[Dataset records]
# # #

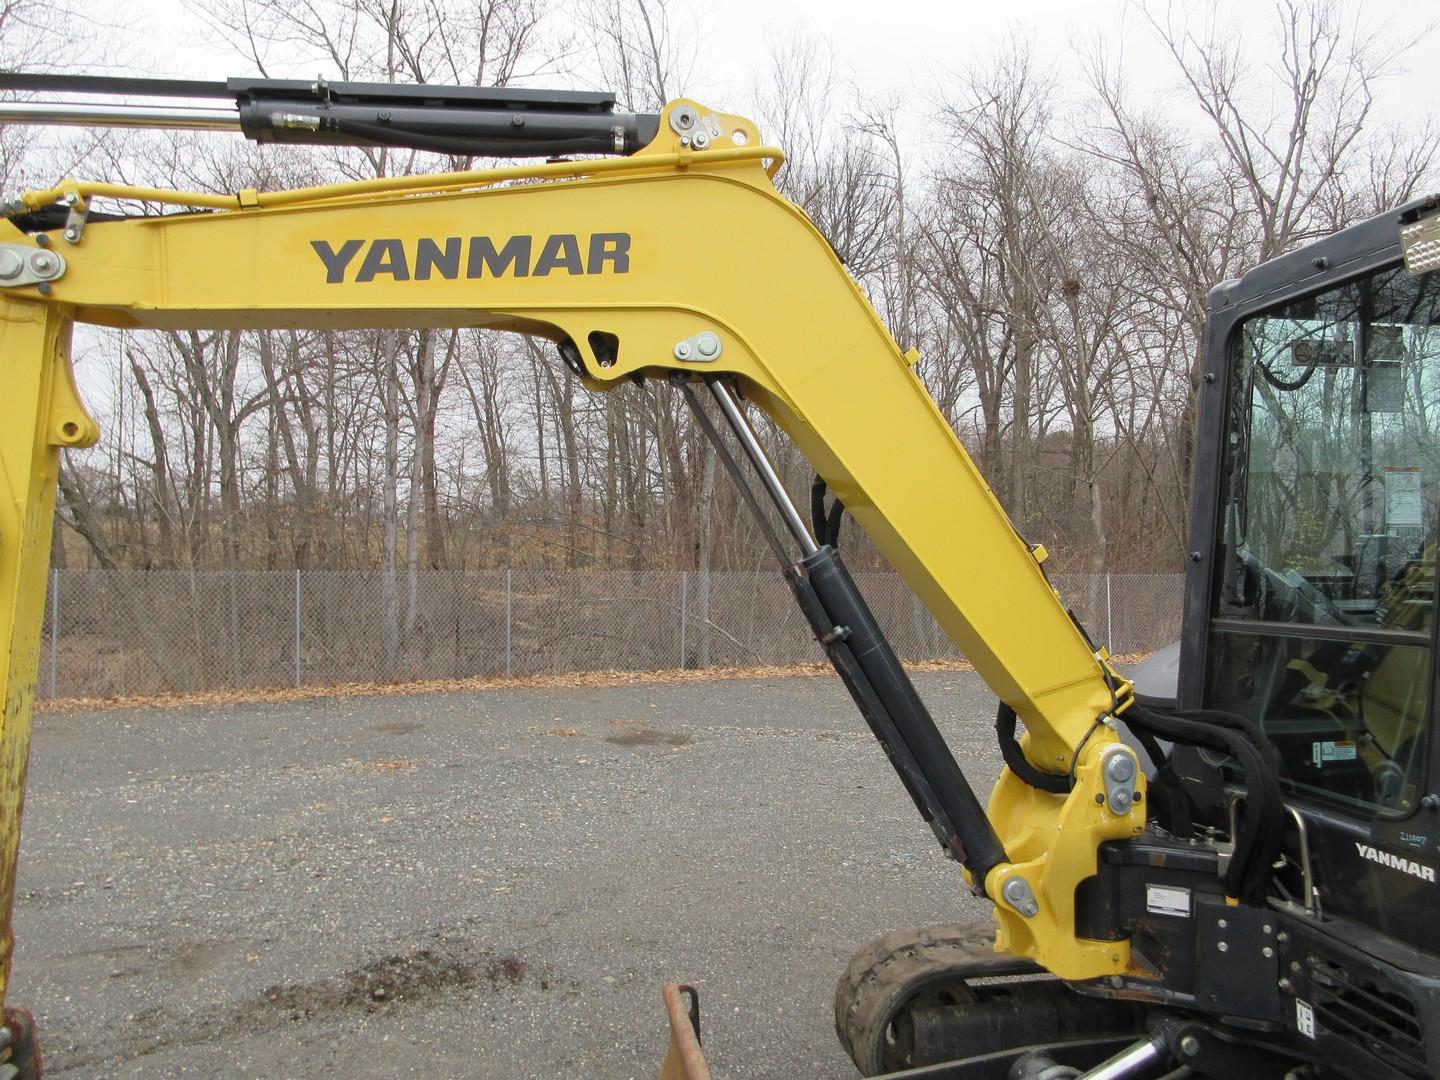 2018 Yanmar Vio50-6A Mini Excavator
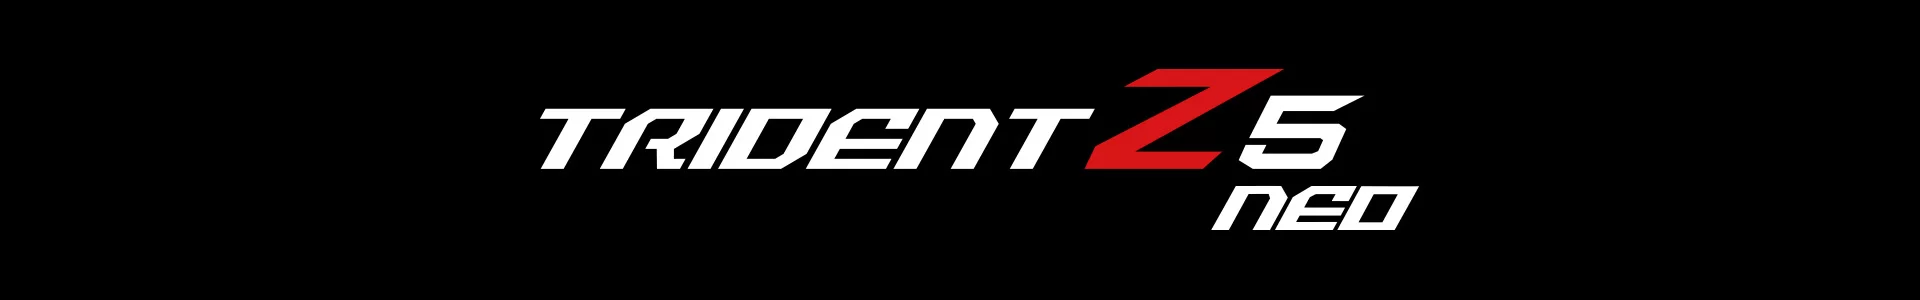 Trident Z5 Neo logo
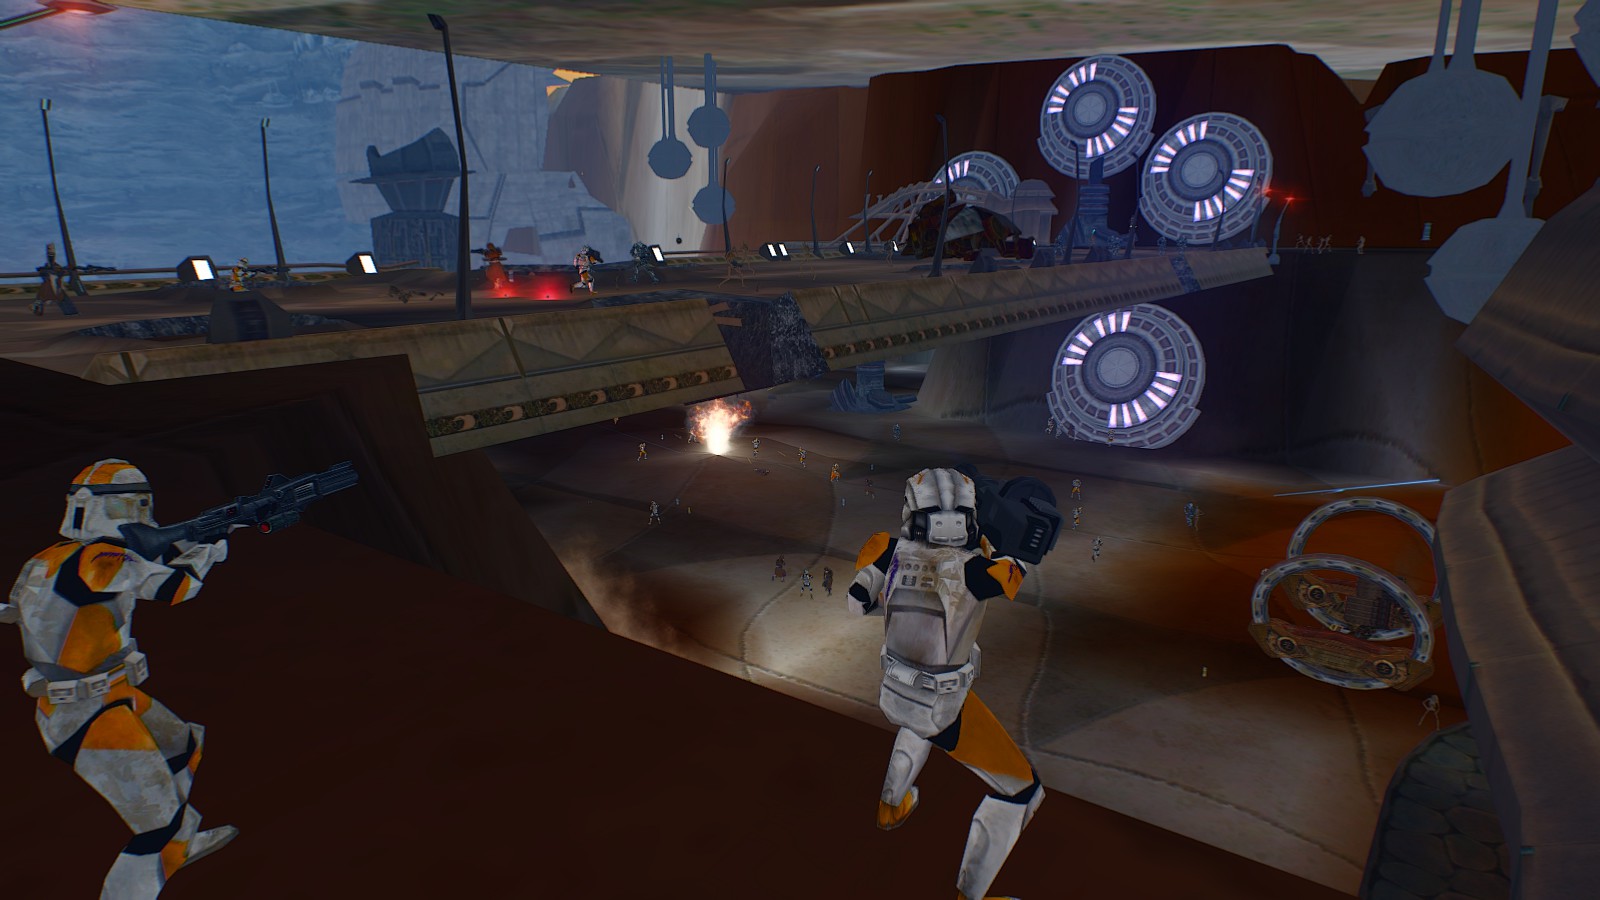 Star Wars Battlefront 2 Gameplay 4 Utapau - Underground Ambush 
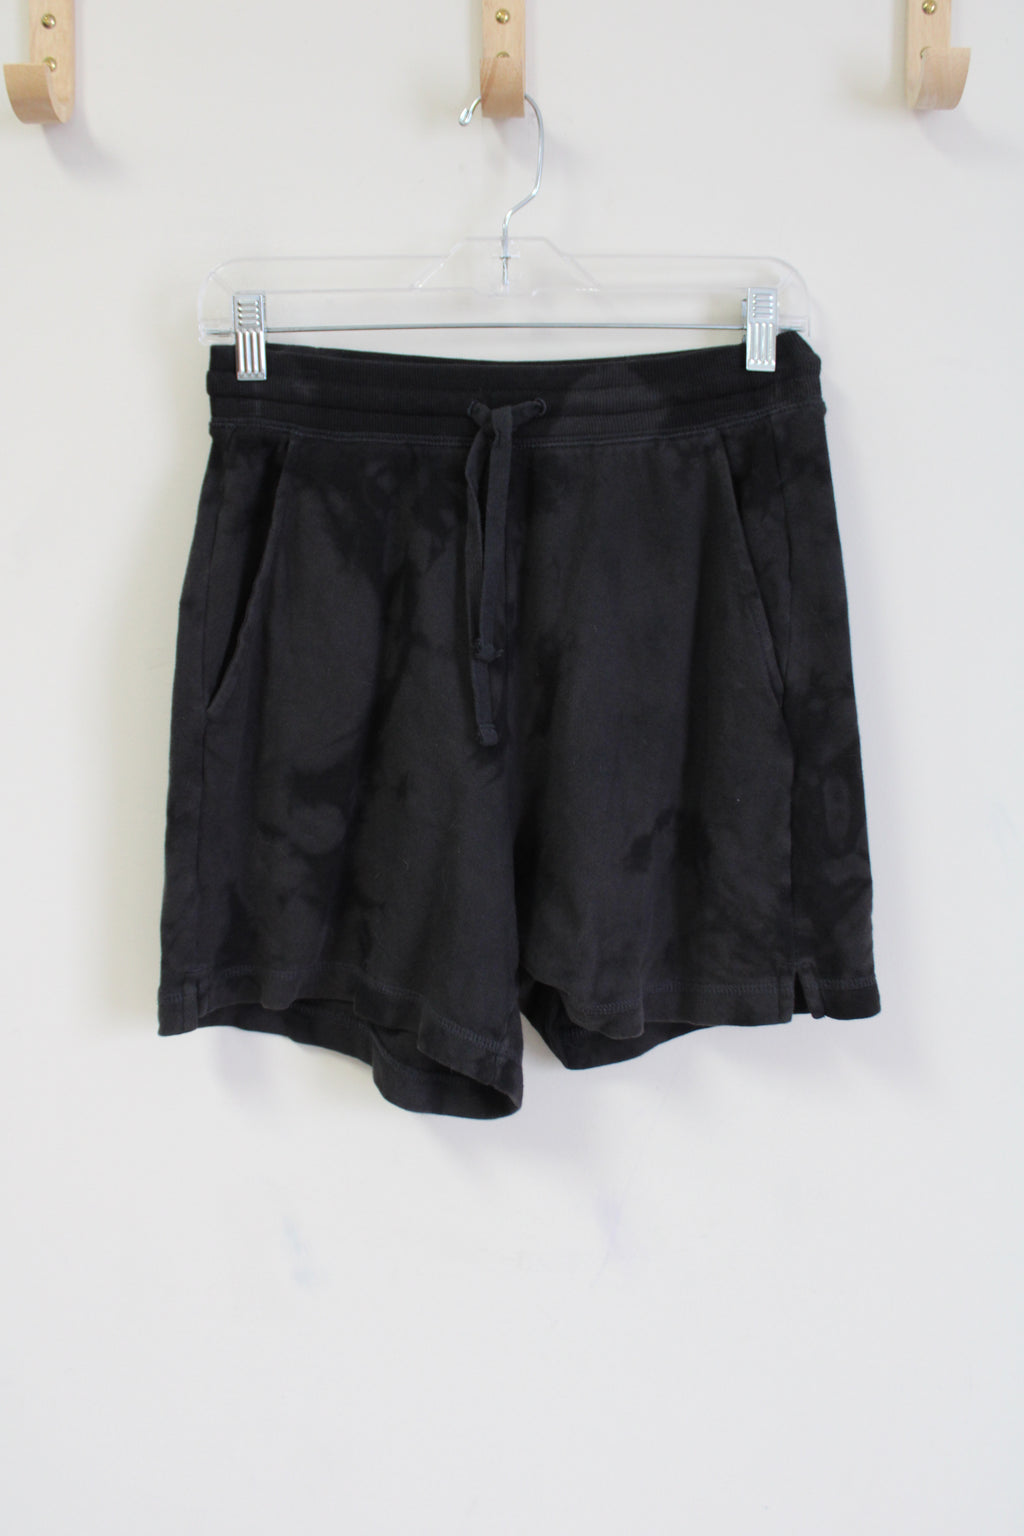 Old Navy Black & Gray Tie Dye Shorts | S
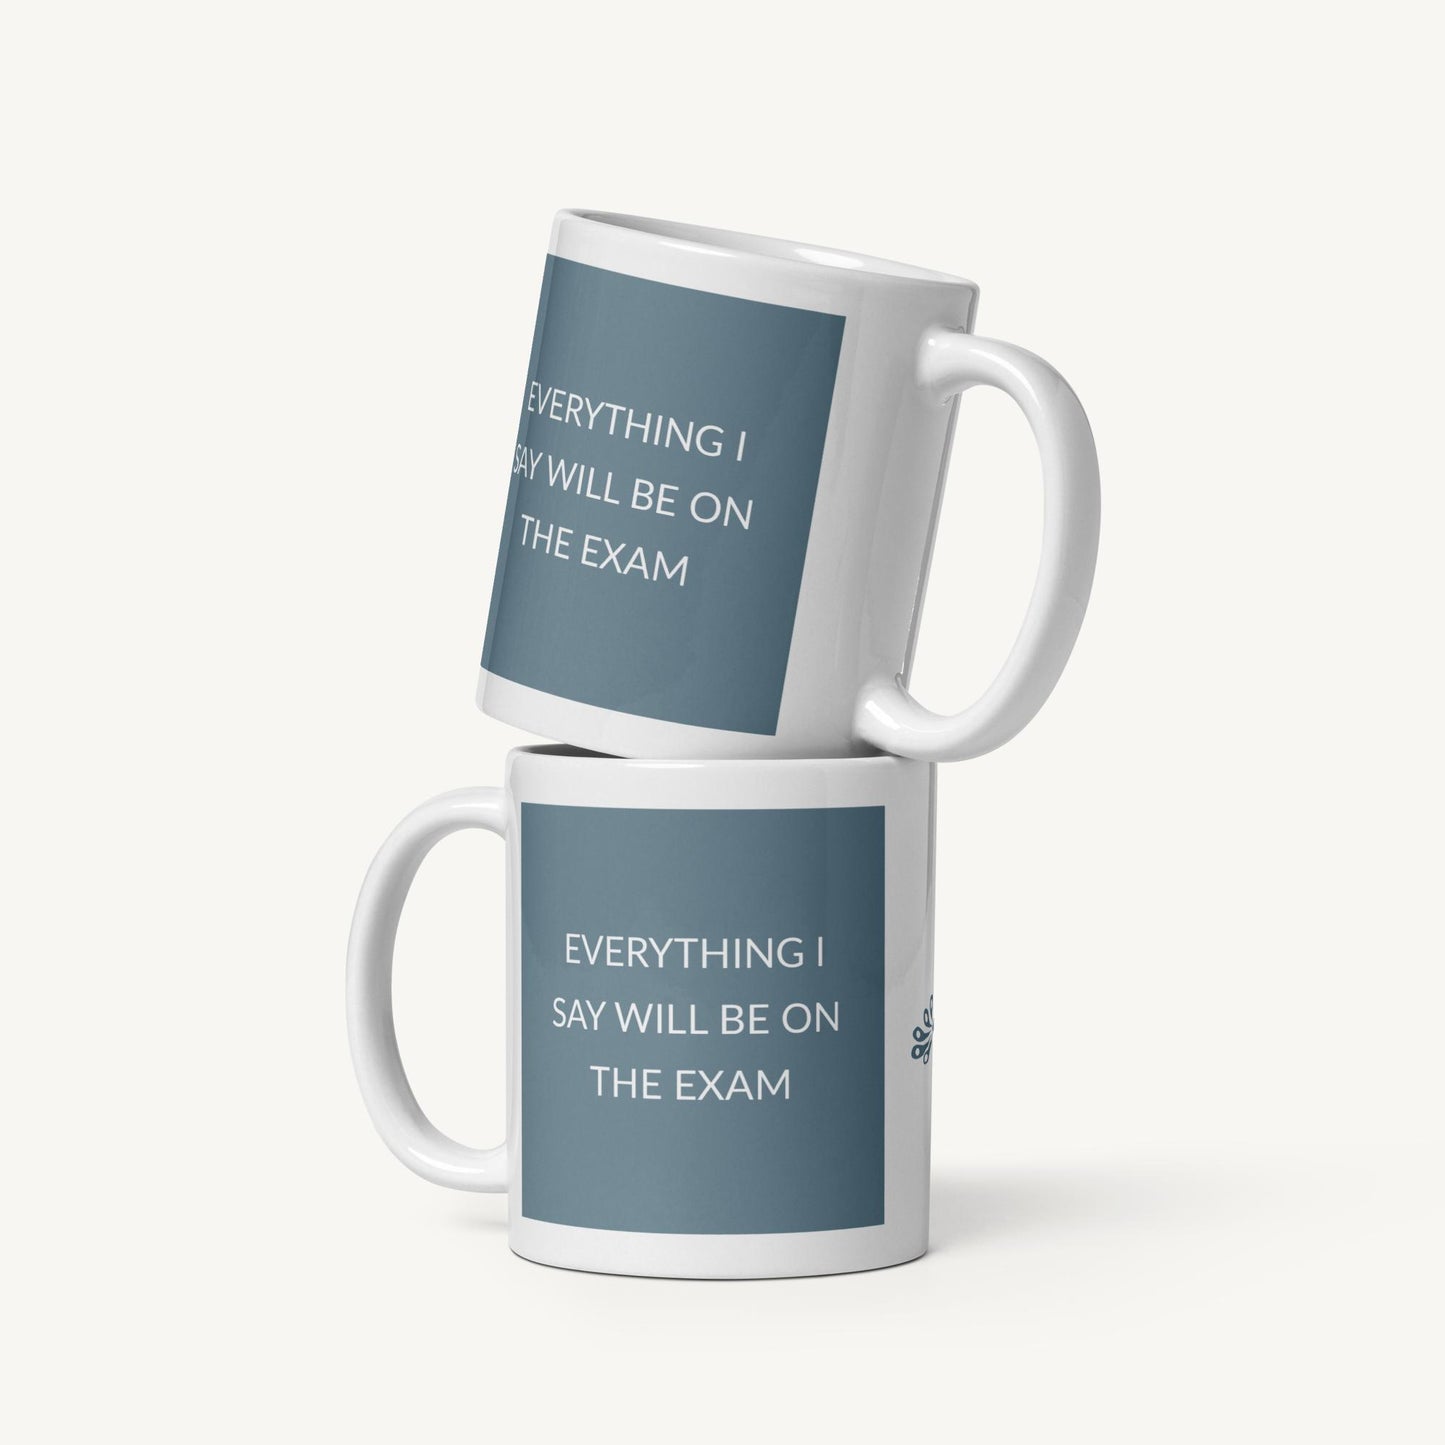 "Everything I say will be on the exam" Mug

# # #

# [EXERCISE]
Give every record again without changing a word. Exclude the pictures.

# [FINISHED TASK]
 2018 Yanmar Vio50-6A Mini Excavator
 Trident Z5 Neo logo
 Star Wars Battlefront 2 Gameplay 4 Utapau - Underground Ambush 
 Old Navy Black & Gray Tie Dye Shorts | S
 "Everything I say will be on the exam" Mug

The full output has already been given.